= Bombay City Improvement Trust =

Trust

The City of Bombay Improvement Trust (BIT) was created on 9 In December 1898, in response to the Bombay plague epidemic of 1896, the Bombay Chamber of Commerce approached Governor Lord Sandhurst to ensure “the destruction of insanitary [sic] property and the thorough cleansing of the city and suburbs" after the 1897 International Sanitary Conference in Venice threatened to quarantine ships from Bombay.
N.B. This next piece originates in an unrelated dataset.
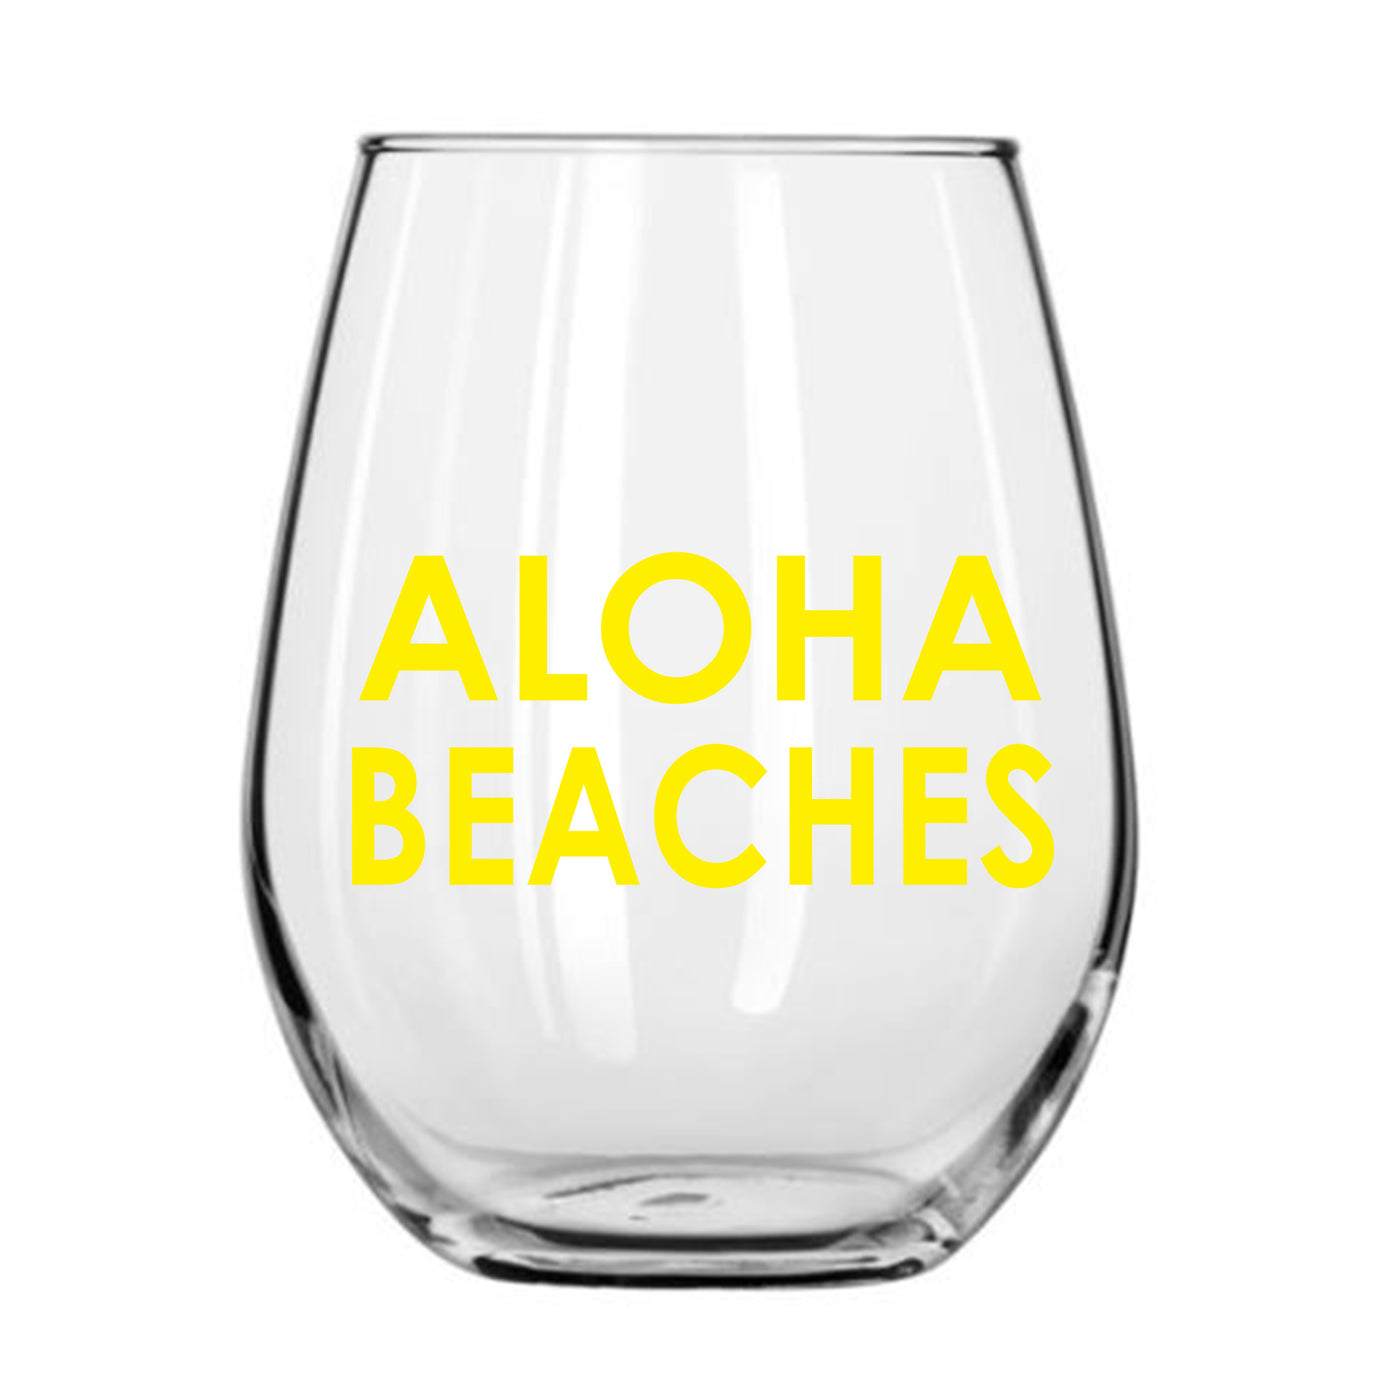 ALOHA BEACHES WINE GLASS

The BIT was modeled on contemporary English and Scottish town-planning institutions and "possessed the authority not only to build housing, but also to demolish slums and widen roads, and improve sanitation, particularly in the “problematic” working-class neighborhoods."

== Organisation ==
British colonial officials constructed the BIT's board to "guarantee the basic framework of property rights." The board was dominated by members favourable to commercial and industrial interests; four members represented the Bombay Municipal Corporation (BMC), and the Bombay Millowners’ Association, the Bombay Chamber of Commerce and Port Trust.

== Activities ==
The CIT widened roads in the central, crowded, parts of the town. A new east-west road, the Princess Street, was constructed to channel the sea air into the centre of the crowded residential areas. The north-south Sydenham Road (now Mohammedali Road) was also constructed with this end in view.

The Dadar-Matunga-Wadala-Sion suburban development was started in 1899 with the express purpose of relieving congestion to the south. Well-laid out plots, with mixed land-use patterns marked these sections. Completed in 1900, access to these parts were through the newly completed Mohammedali Road.